TASK PROMPT: Please restate all of the records word for word, setting the pictures aside.

[Data entries]
-------
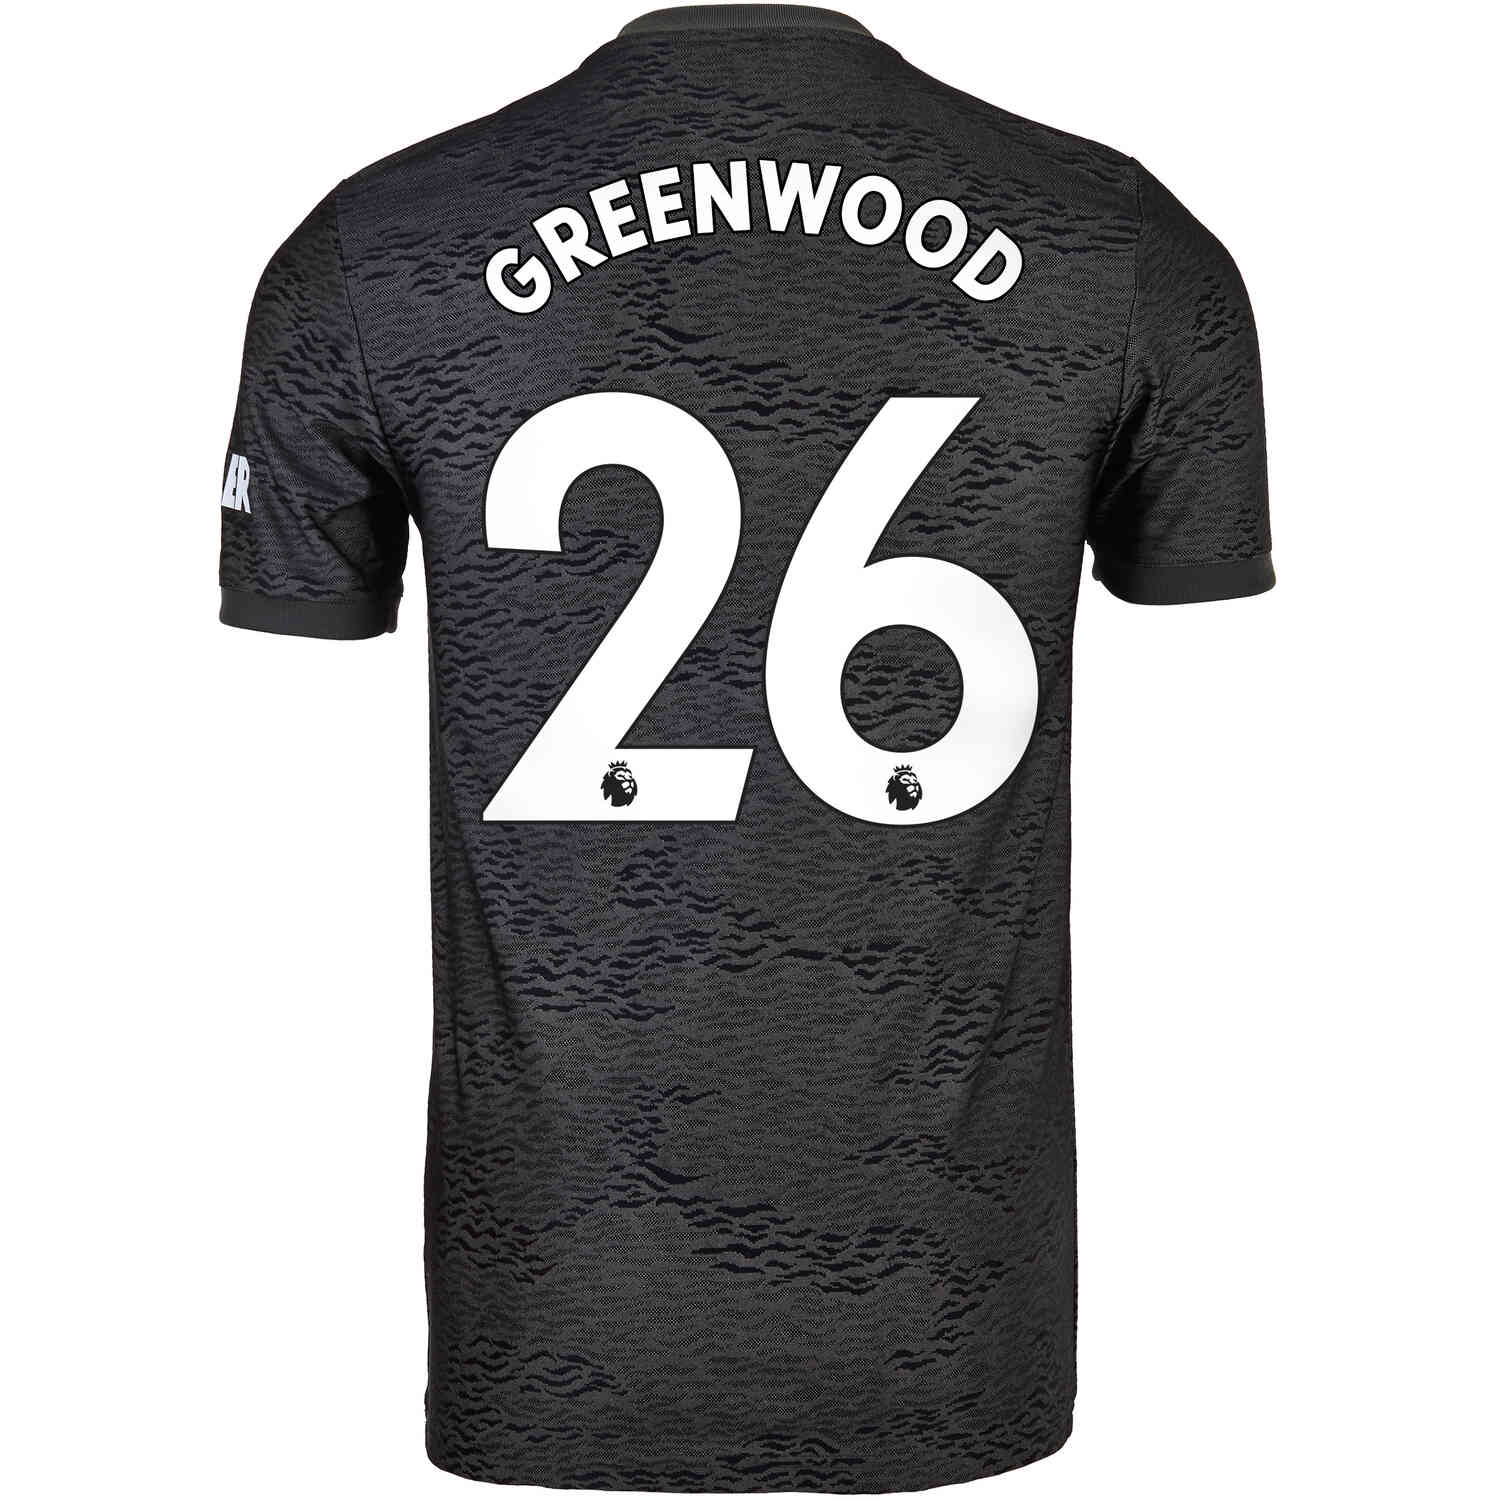 mason greenwood jersey
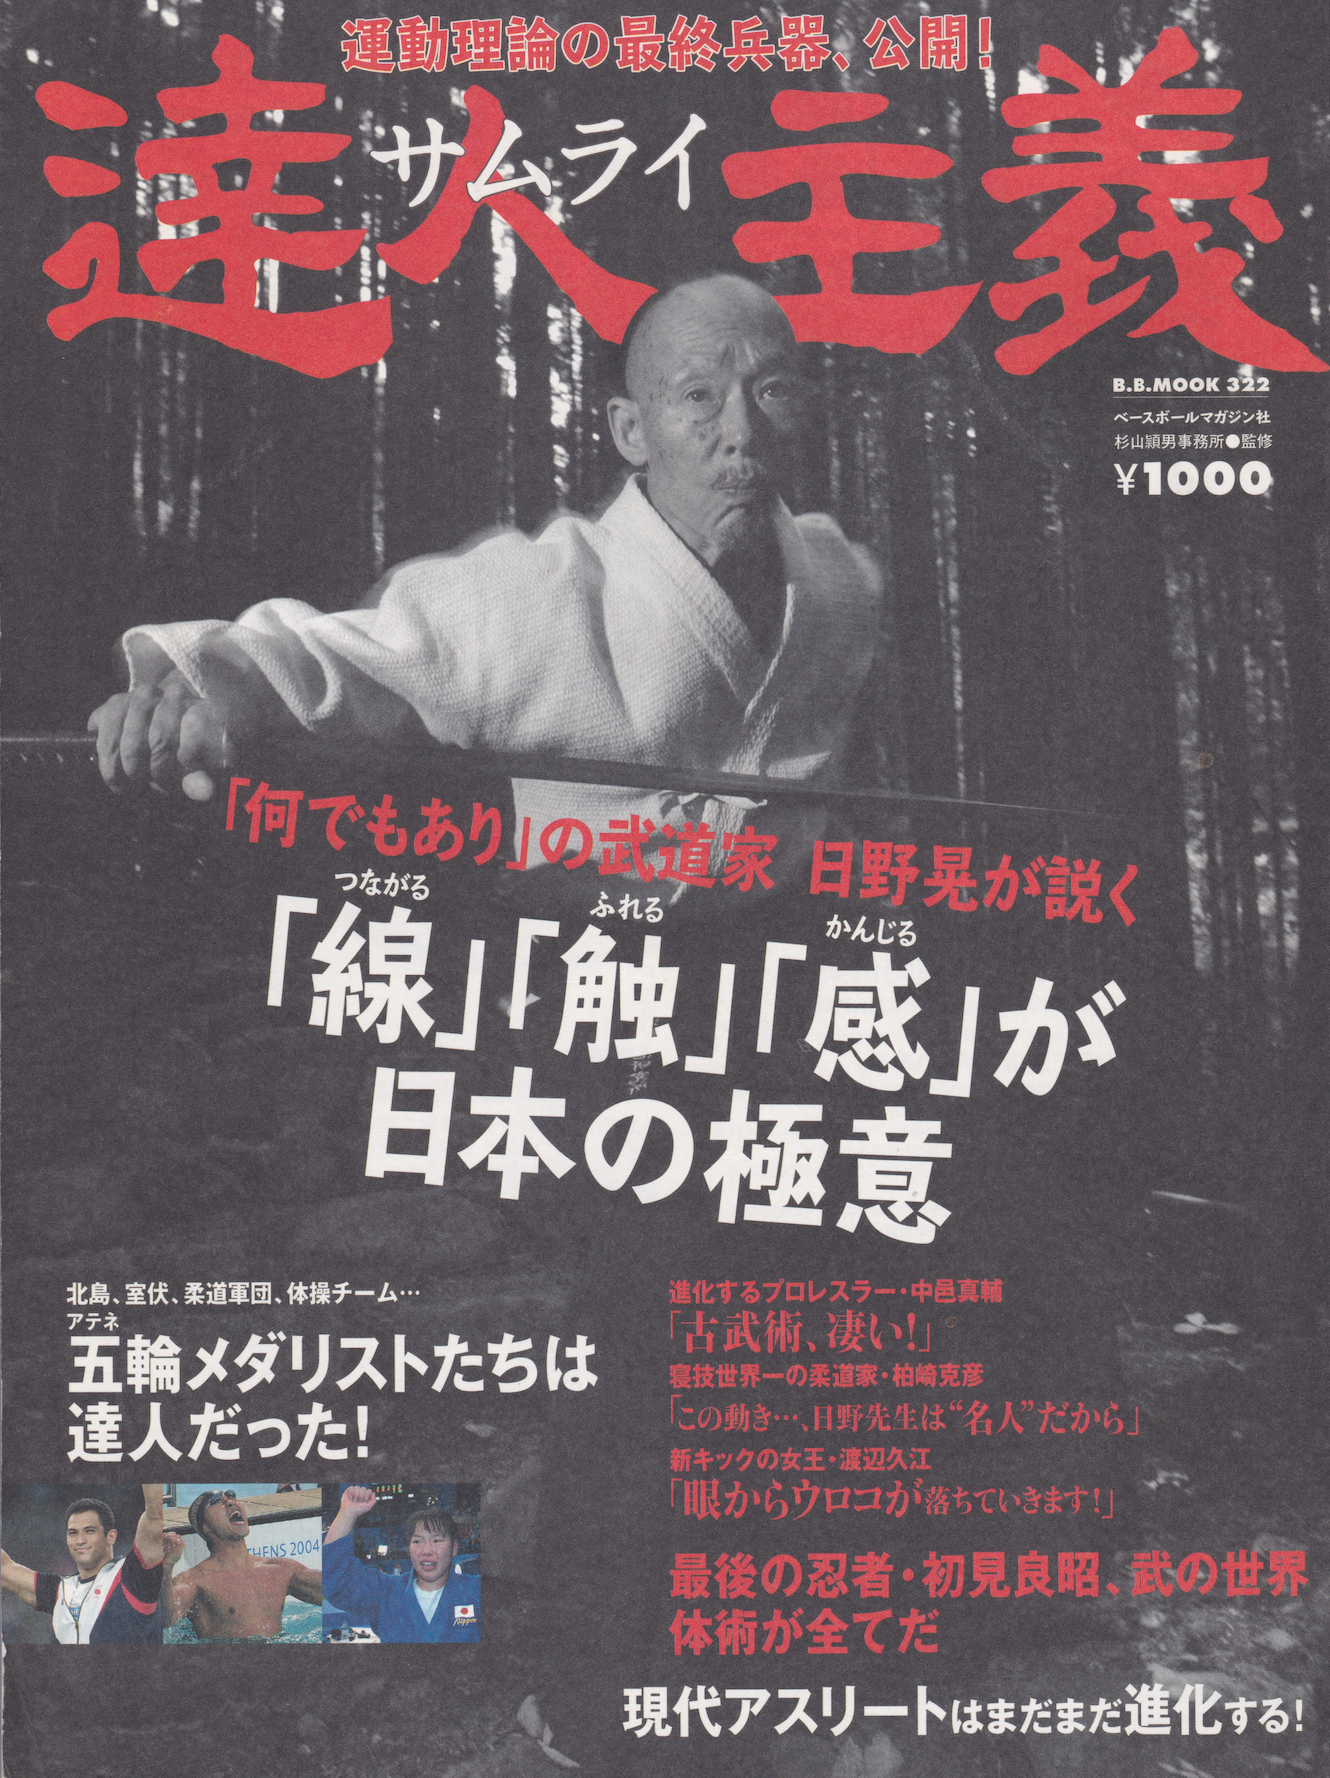 Tatsujin Nyumon (Shugi) Magazine 4 (Preowned)
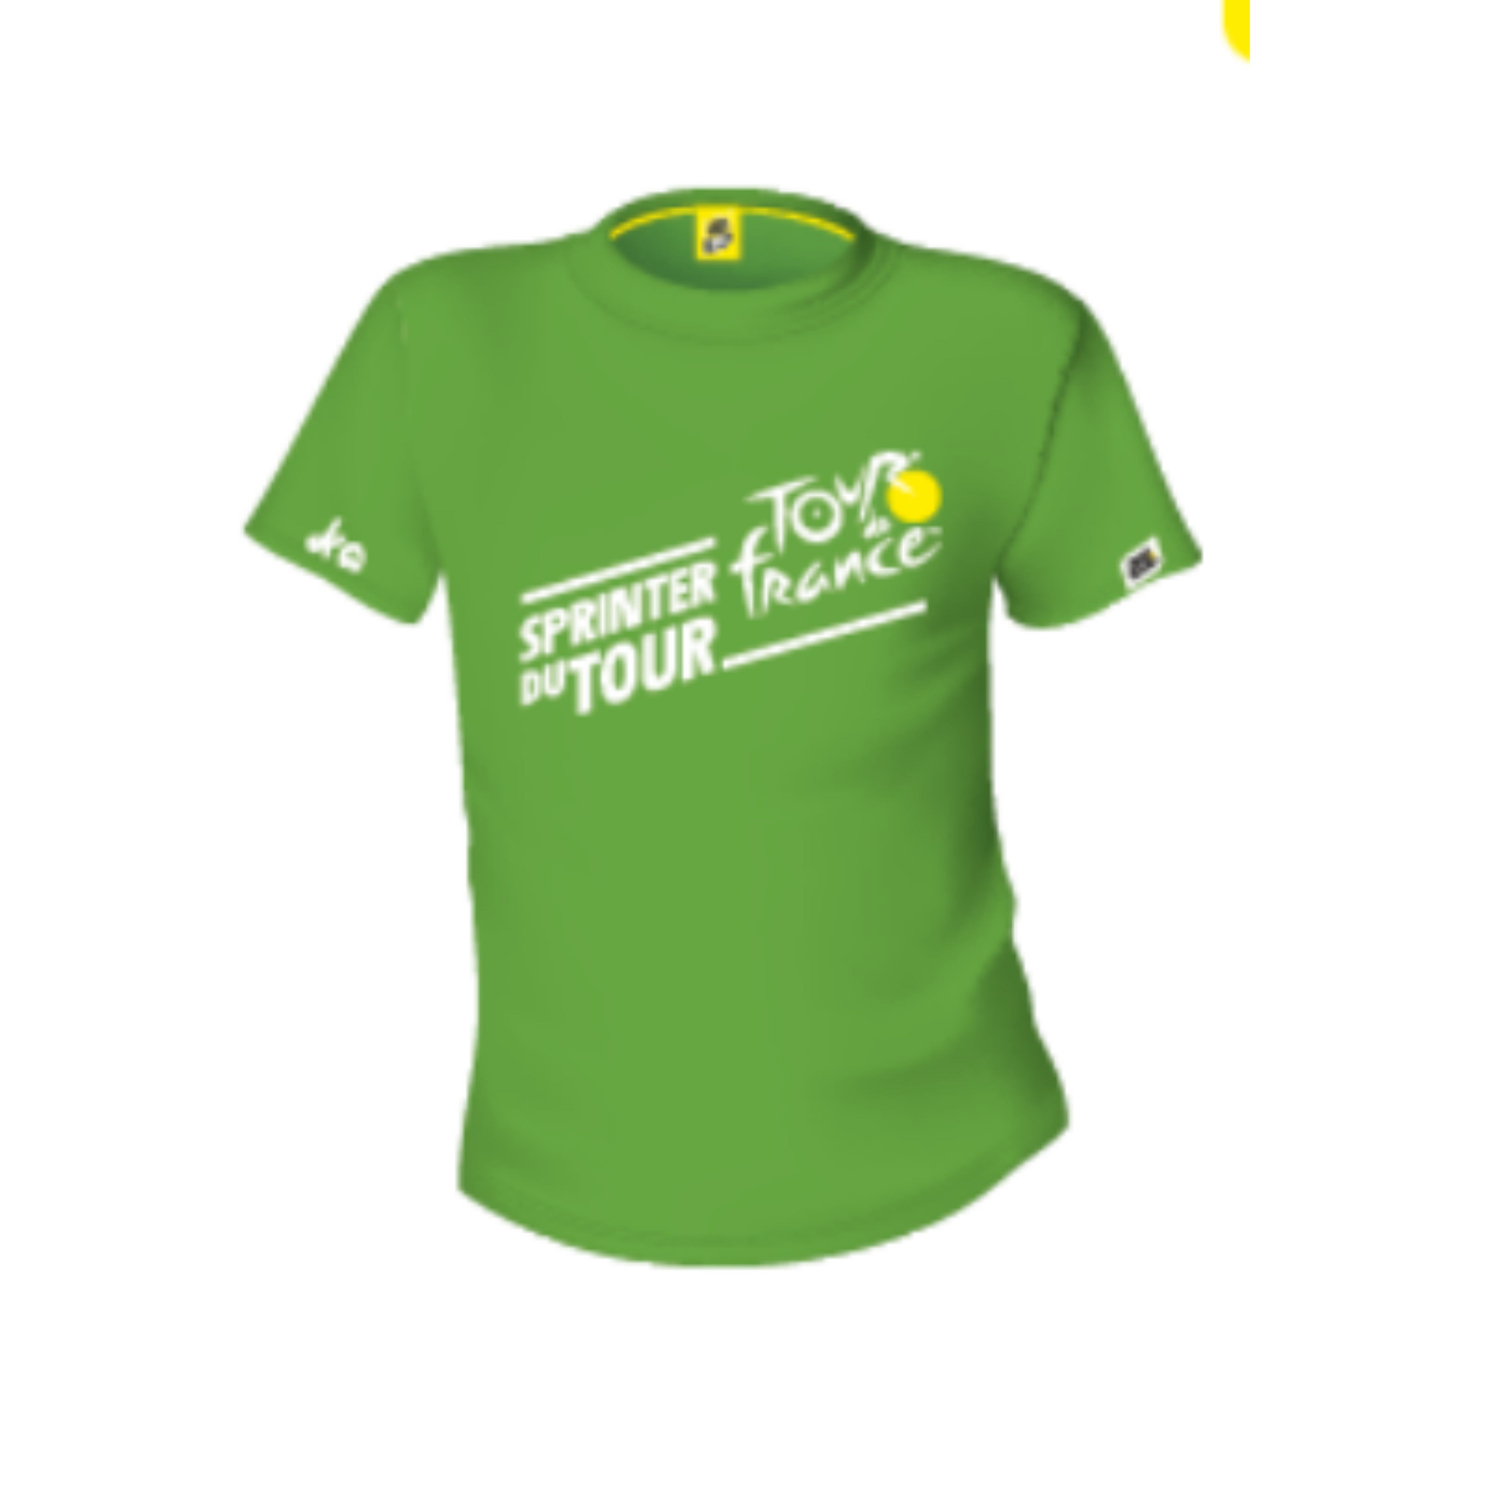 T-shirt Tour de France Leader Sprinteur du Tour Vert
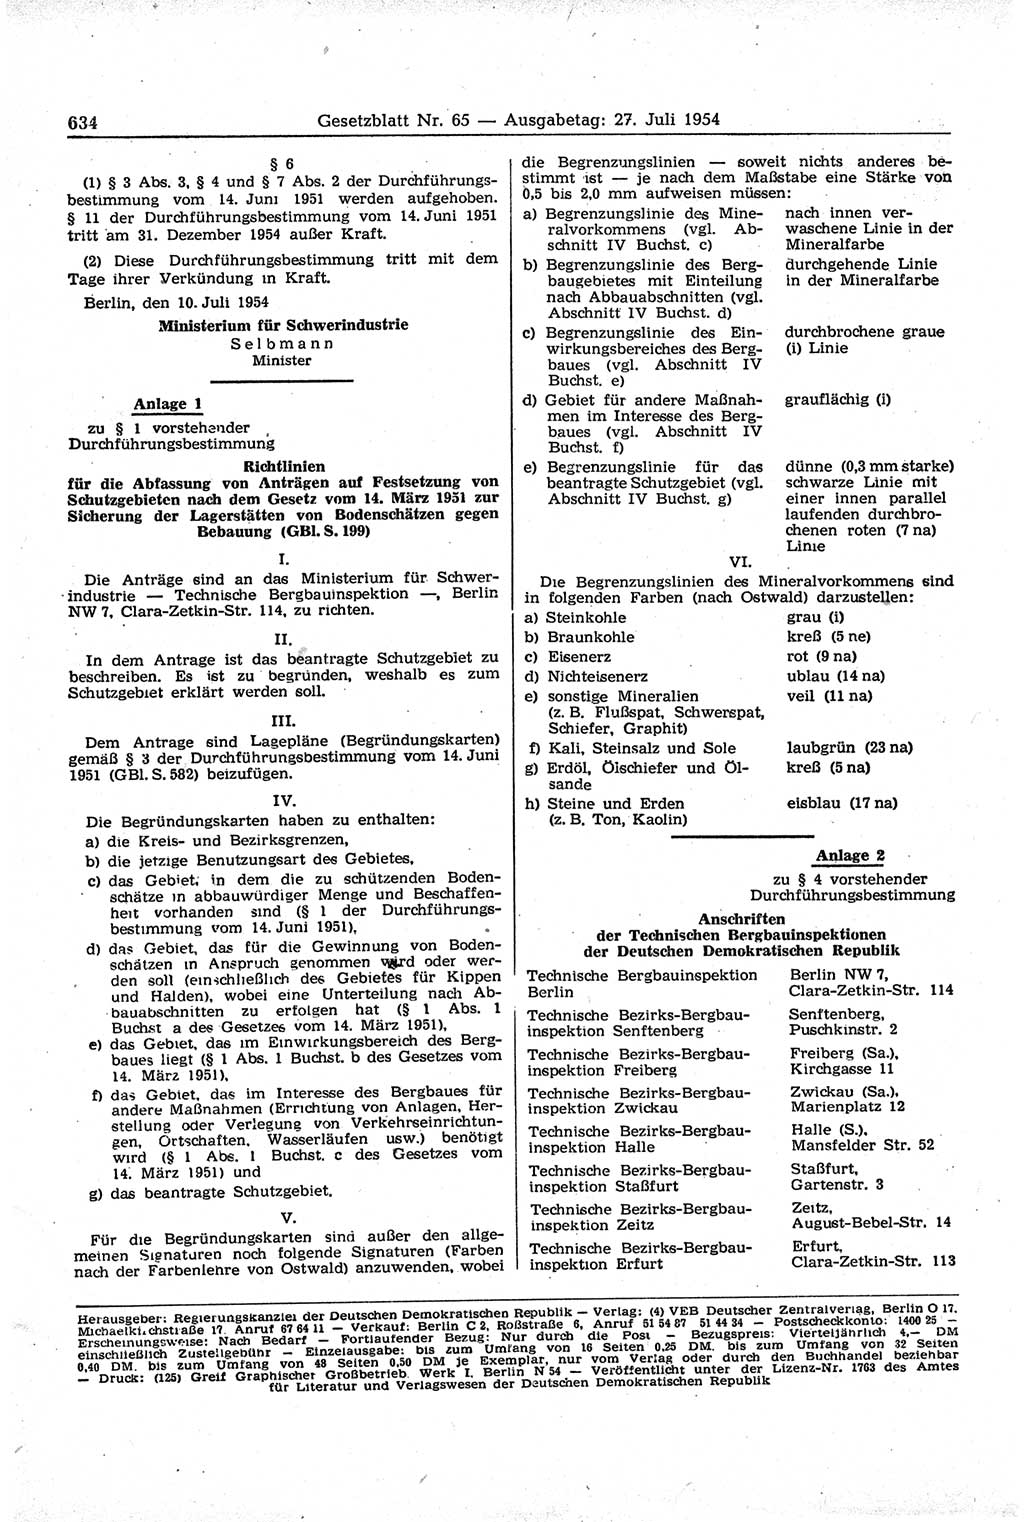 Gesetzblatt (GBl.) der Deutschen Demokratischen Republik (DDR) 1954, Seite 634 (GBl. DDR 1954, S. 634)
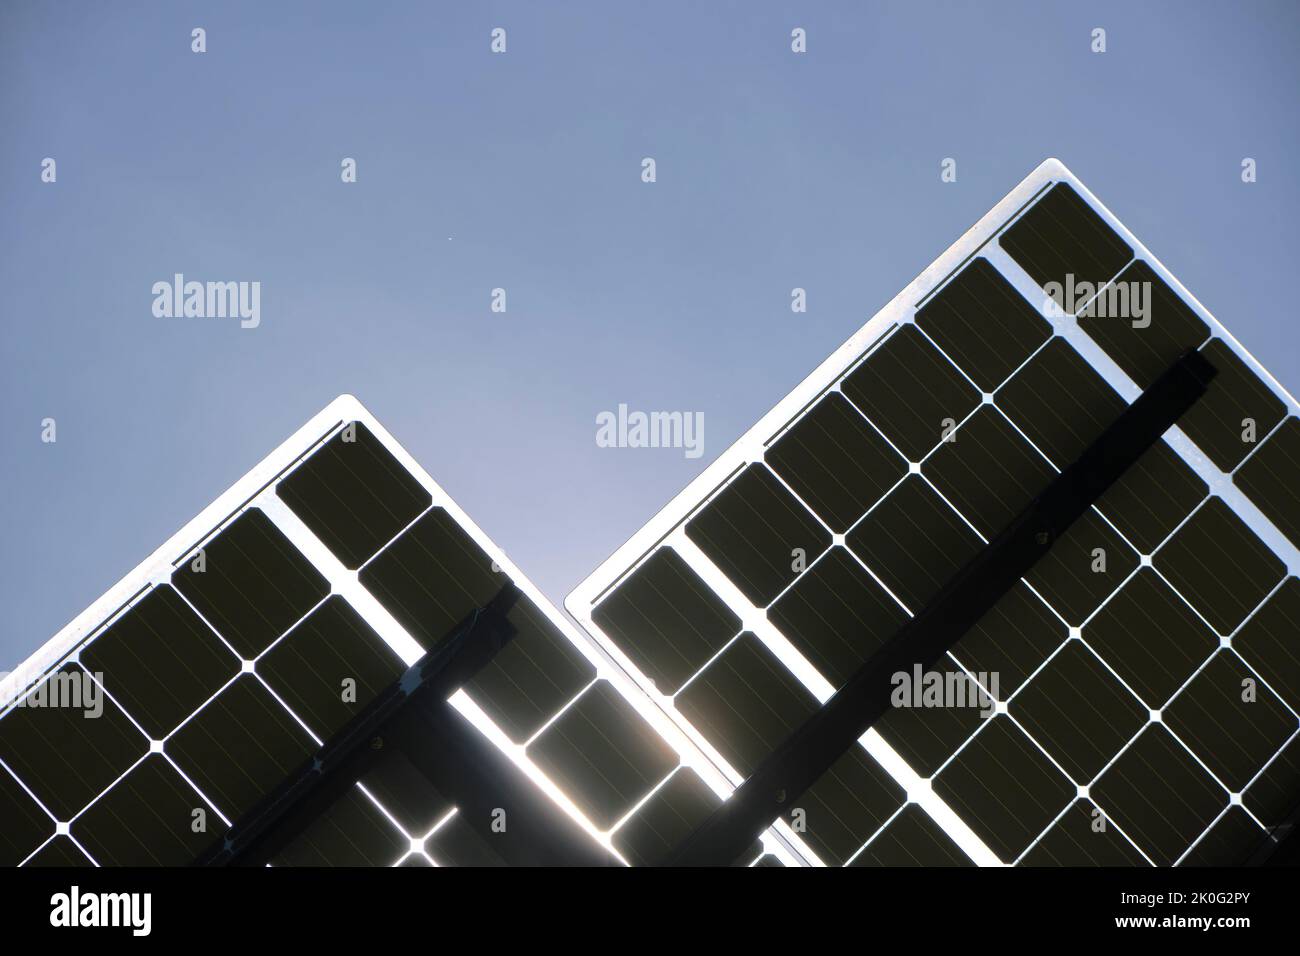 Pannelli solari fotovoltaici montati su telaio metallico per la produzione di energia elettrica ecologica pulita. Elettricità rinnovabile con concetto di emissioni zero Foto Stock
-------
RESPONSE:
 mason greenwood jersey
 Tatsujin Nyumon (Shugi) Magazine 4 (Preowned)
 T-shirt Tour de France Leader Sprinteur du Tour Vert
 Gesetzblatt (GBl.) der Deutschen Demokratischen Republik (DDR) 1954, Seite 634 (GBl. DDR 1954, S. 634)
 Pannelli solari fotovoltaici montati su telaio metallico per la produzione di energia elettrica ecologica pulita. Elettricità rinnovabile con concetto di emissioni zero Foto Stock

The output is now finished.